In the case of the city attorney position, the City Council moved quickly to name the city attorney’s chief deputy as his replacement. Recently there have been public comments that the City Council was similarly moving quickly to possibly promote someone from within to replace Starbird.


While on the surface it may seem logical that a City Council would want to name replacements of key personnel quickly so as not to leave a gap in leadership, it’s more important that the right people make it into such critical positions.

The city manager is the chief executive officer of the city, leading approximately 1,200 employees and an overall budget exceeding $800 million. In the private sector, a company this size would conduct a search for the best possible CEO who has the experience to lead the company successfully.

The board of directors of public companies also usually treat such moments as opportunities to take a fresh look at what direction the company needs to go and the culture that needs to be instilled in the next chapter of the organization’s history.

It puzzles me that Glendale’s equivalent of a board of directors, the City Council, would not treat this issue with the same sensitivity and an eye toward the city’s future. I’ll leave it to others to dissect the past performance of the current individuals in these positions. As a citizen, I’m more interested in the process our elected leaders employ in determining the most qualified individuals for positions that play a key role in our collective future.

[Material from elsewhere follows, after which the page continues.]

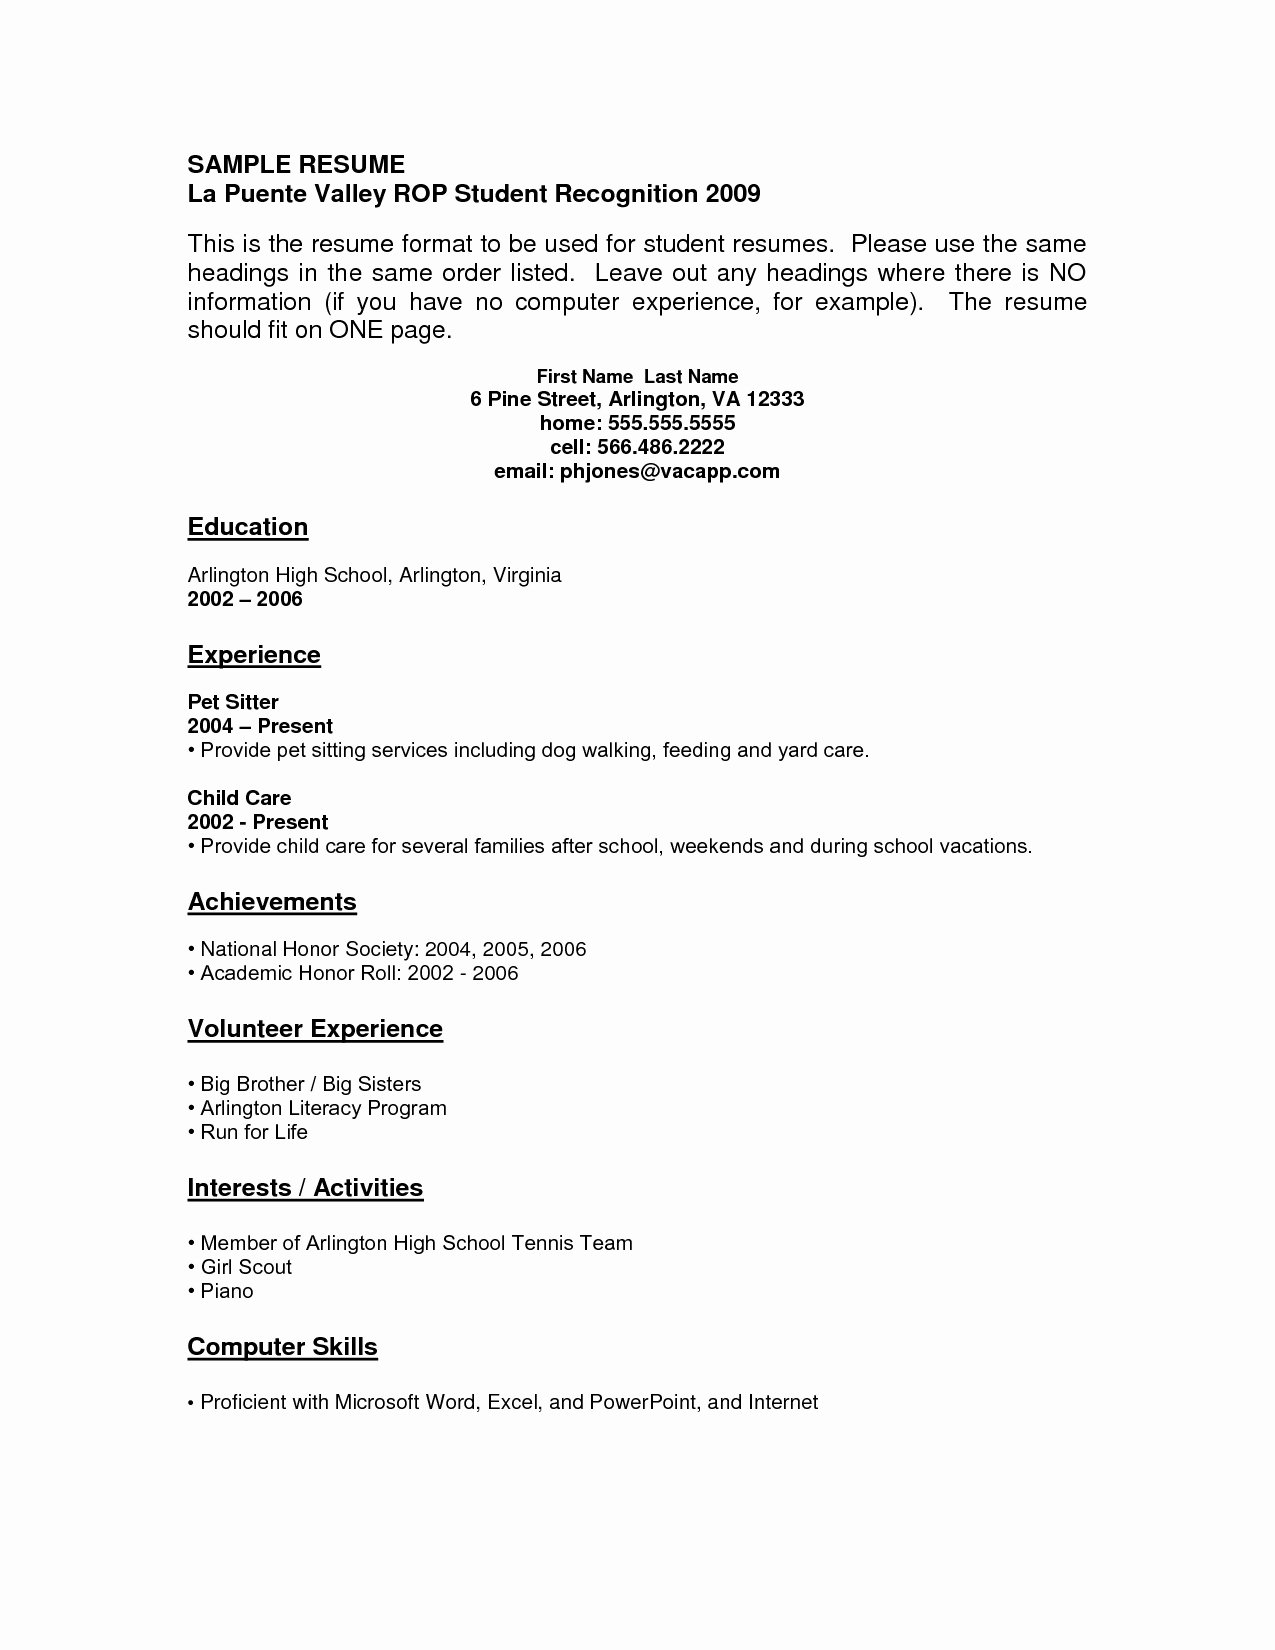 Resume for Highschool Students with No Experience Work
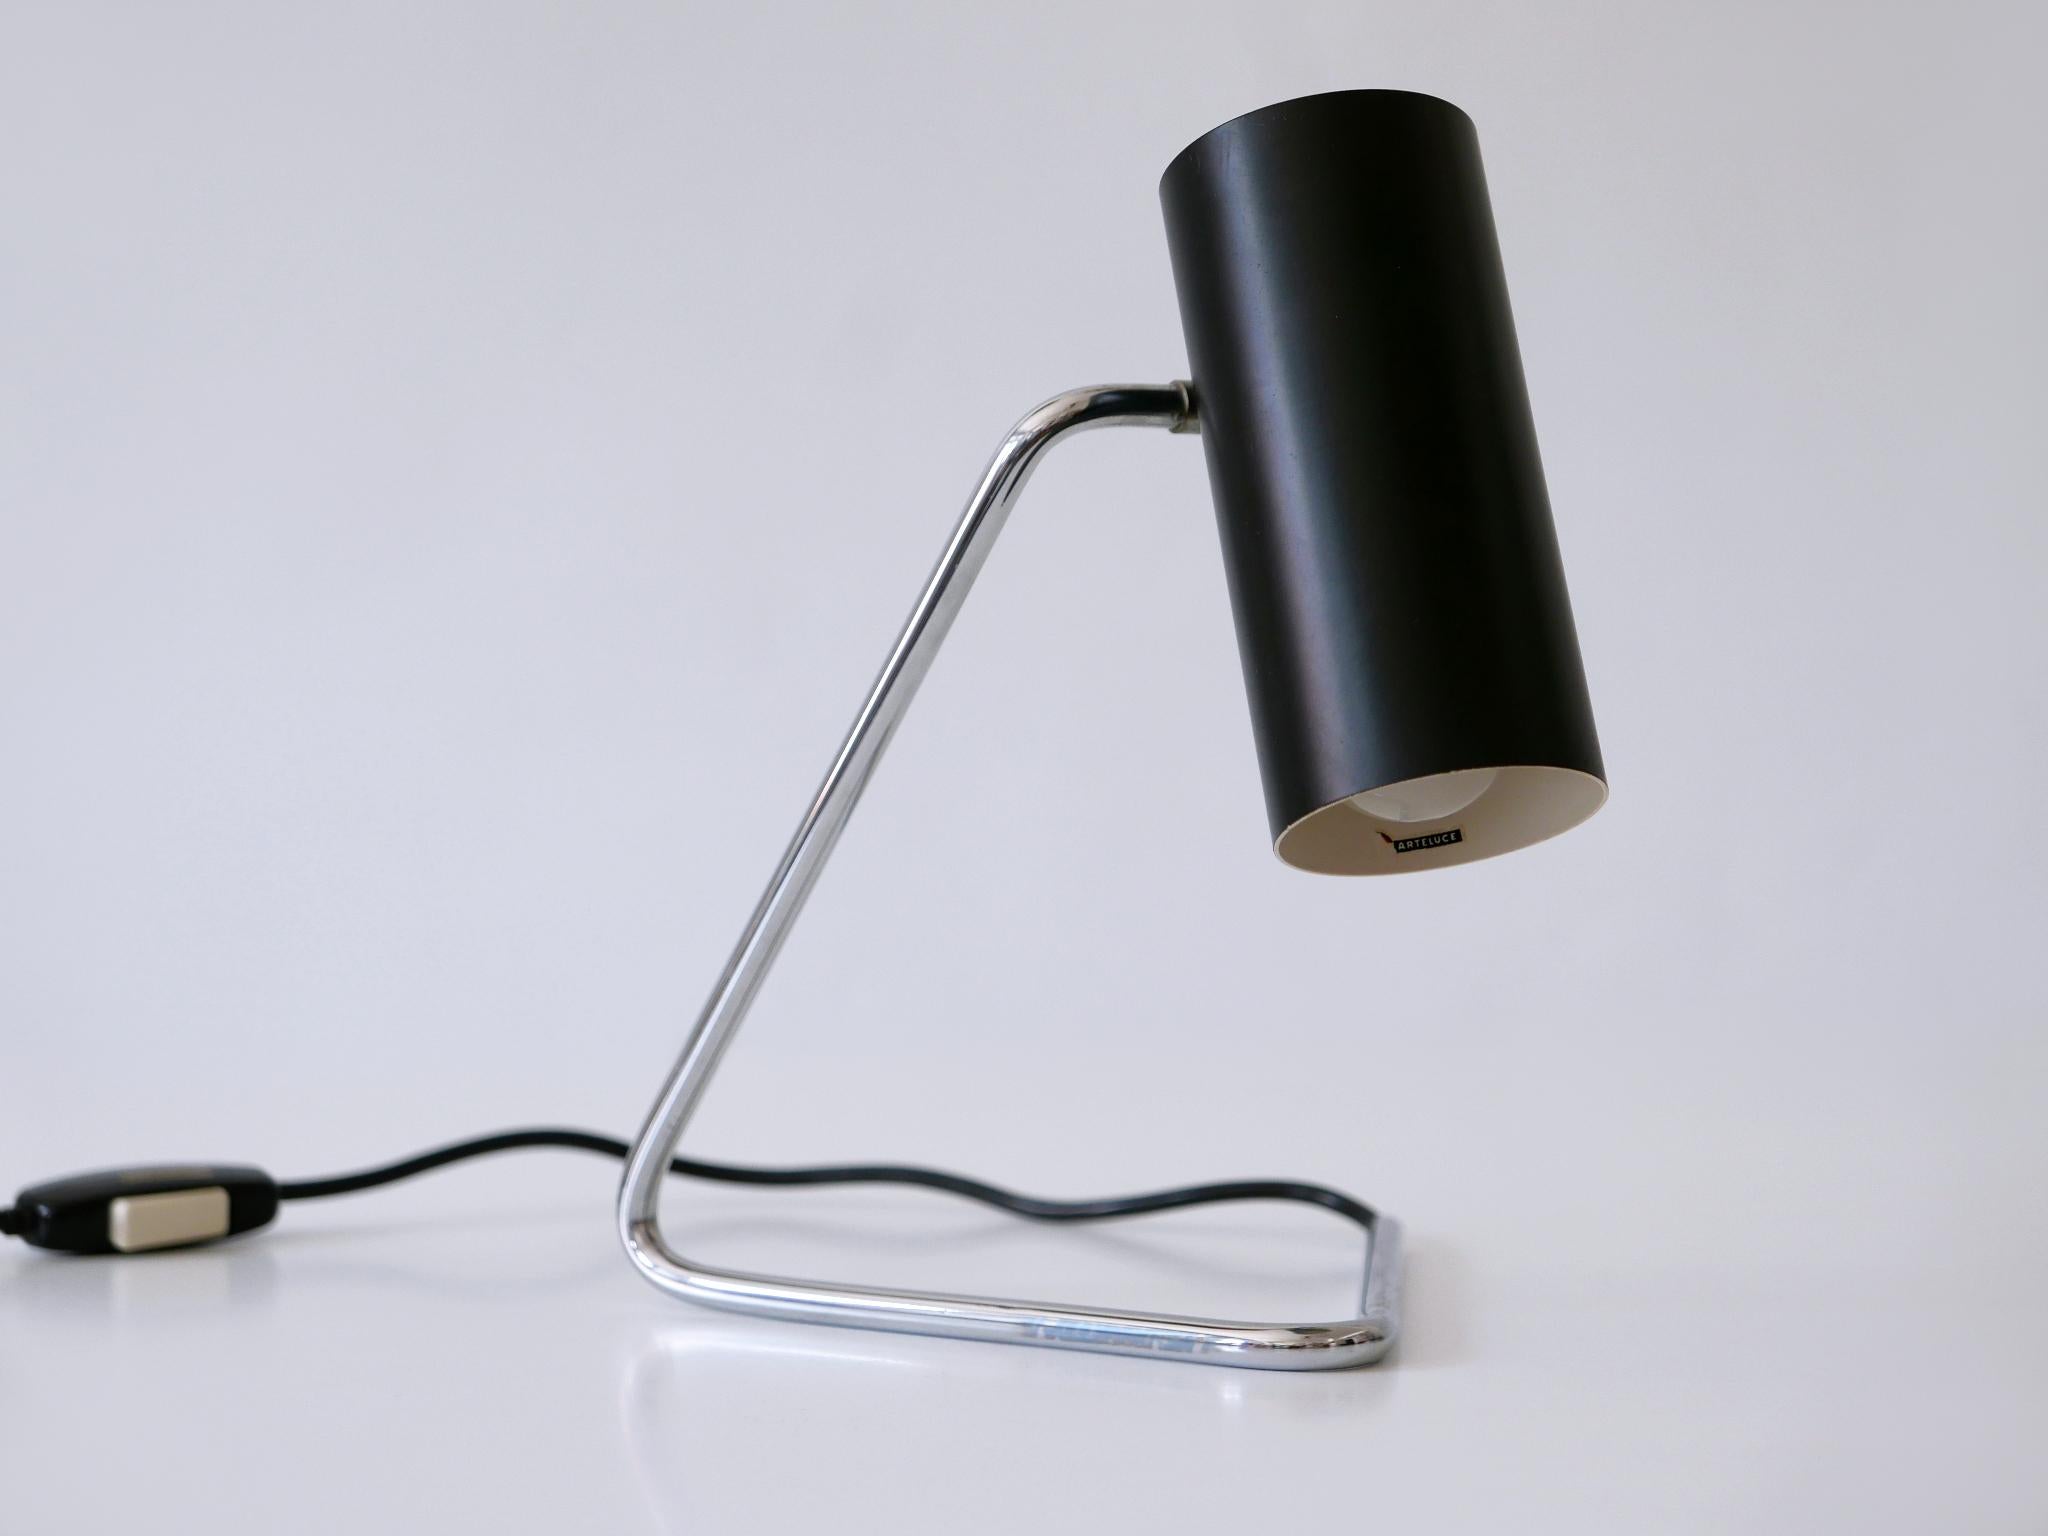 Plated Rare Mid-Century Wall or Table Lamp 551/31 B by Gino Sarfatti for Arteluce 1953

In the case of the city manager, a search process must take the time to determine the selection criteria for the candidate we need. The process must be fair, consider internal and external candidates, invite the participation of public stakeholders and, above all, be transparent.

Sometimes there may be qualified successors within an organization, but that should not prevent an objective search process that ensures we’re getting the best candidate. This way, even if we do choose an internal candidate, we know they are the best.